Приветливые, любимые помещения снова окружают нас. Наташа позаботилась об образцовом порядке. После купания, смены белья, одежды чувствую себя заново рожденным и снова сплю с особым наслаждением в своей кровати.
Следующим утром, в воскресенье, приходит Иван Иванович. Фаиме и я еще сидим за столом и завтракаем, так как мы встали довольно поздно. В шапке и пальто, не отдавая их, он подходит к нам.
- Не смейся надо мной, Федя, но мне здесь действительно было одиноко все эти дни. Он бросает свою круглую меховую шапку на кресло. – Как же чертовски быстро можно привыкнуть к человеку. Когда мужчина говорит что-то в таком роде, это звучит сентиментально, но Бог ведает, это действительно правда! Теперь он отдает свое тяжелое зимнее пальто горничной и садится за нашим столом.

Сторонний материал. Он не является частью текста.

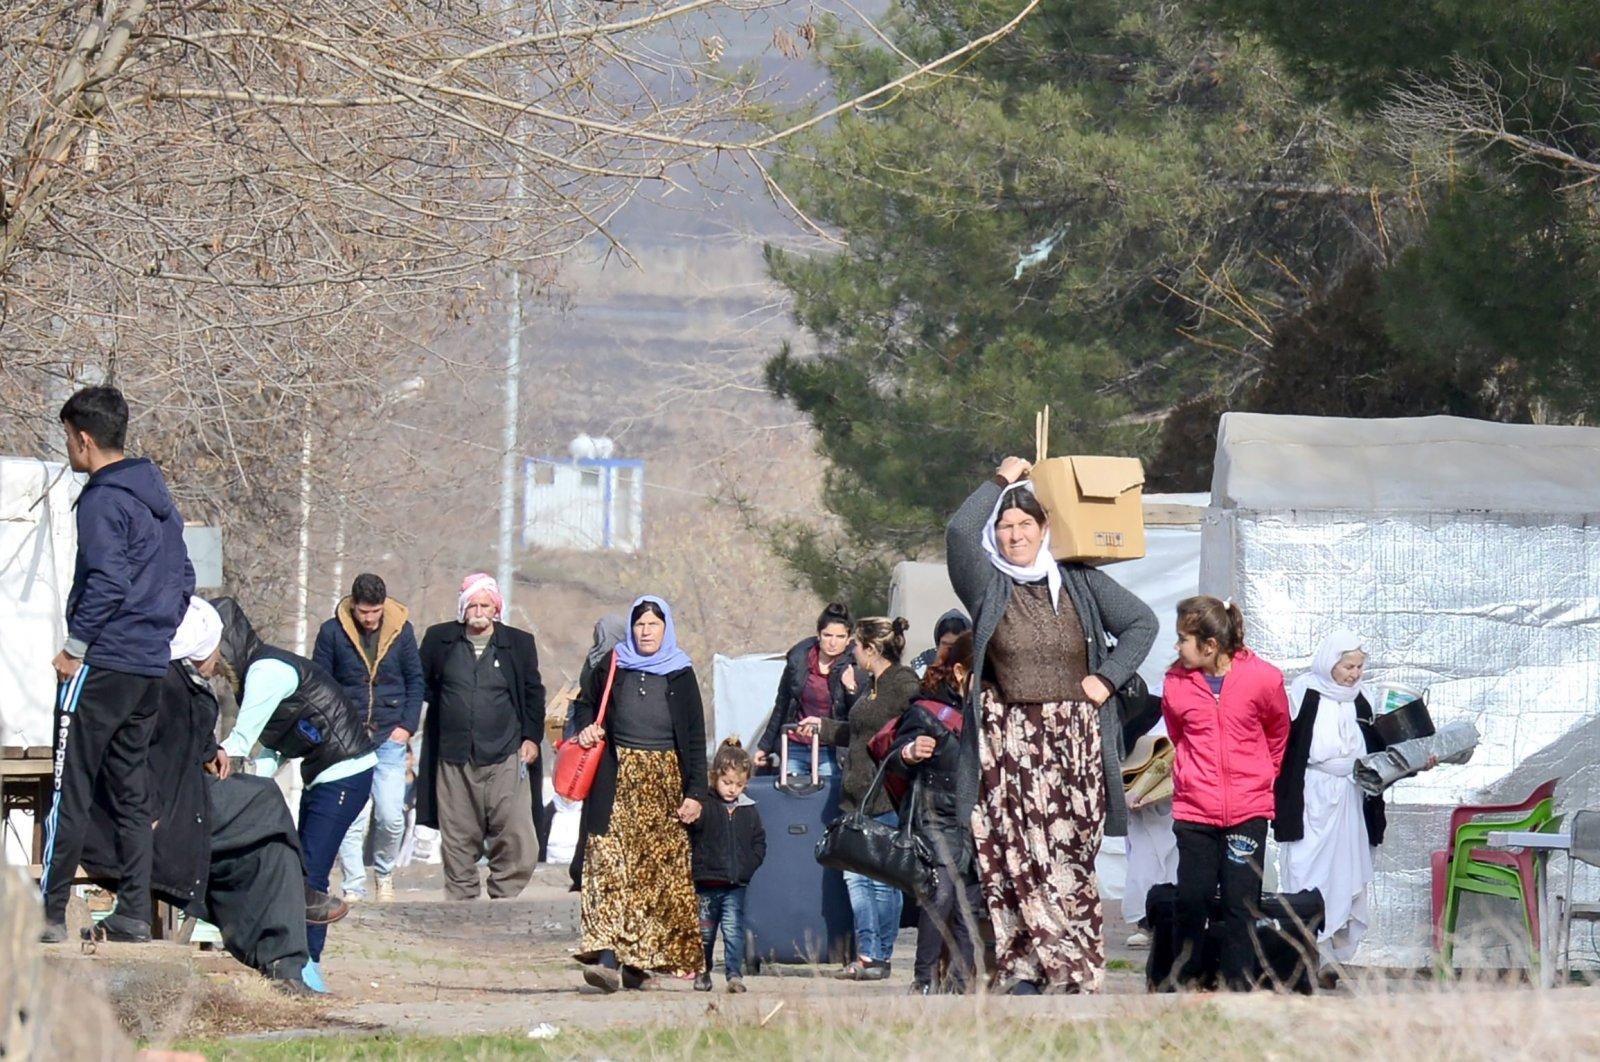 Yazidis, who fled from Daesh oppression in Iraq's Sinjar, carry their belongings in southeastern Turkey's Diyarbakır, Jan. 3, 2017. (AFP Photo)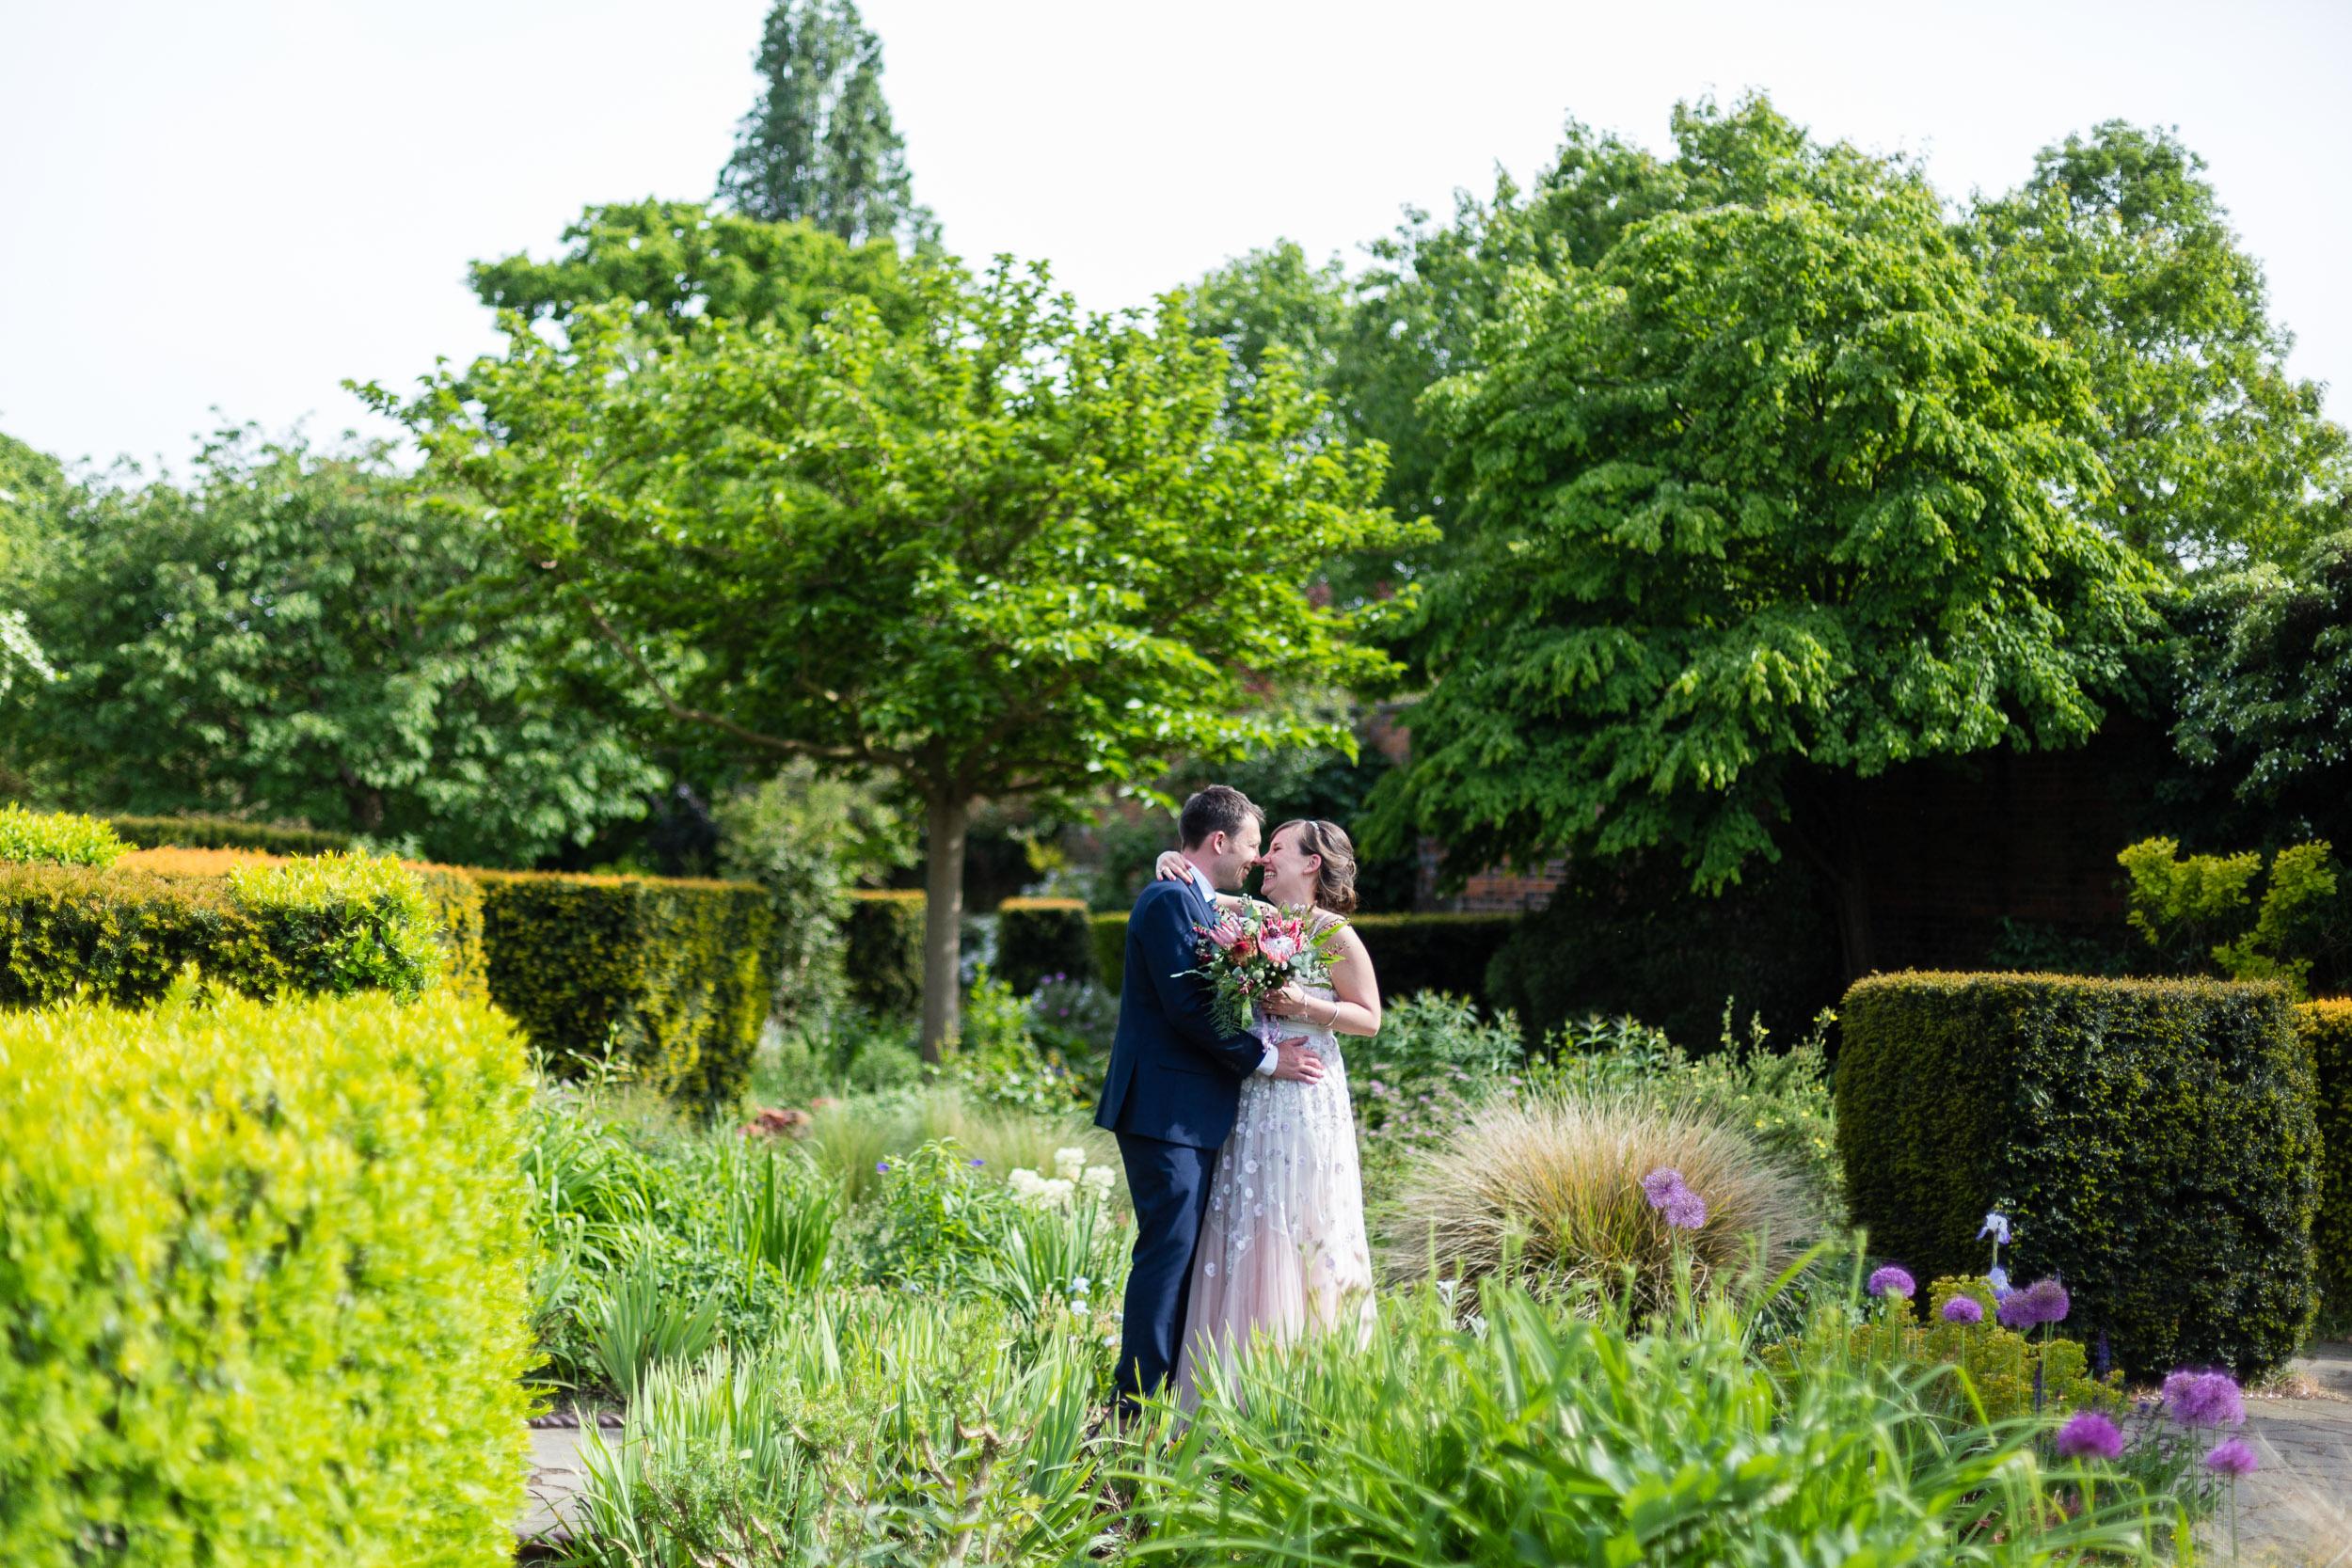 brockwell-lido-brixton-herne-hill-wedding-277.jpg

- Ну, Фаиме, как вам понравилась эта долгая поездка? Вы, наверное, еще очень устали от трудностей? Крёгер – это такой чудак, с его вечным страхом перед клопами. Вам, конечно, всегда приходилось ночевать в санях под открытым небом? Это все же, бесцеремонное требование, Федя!
- Петр меня всегда укладывал спать в красном углу на наших зимних пальто.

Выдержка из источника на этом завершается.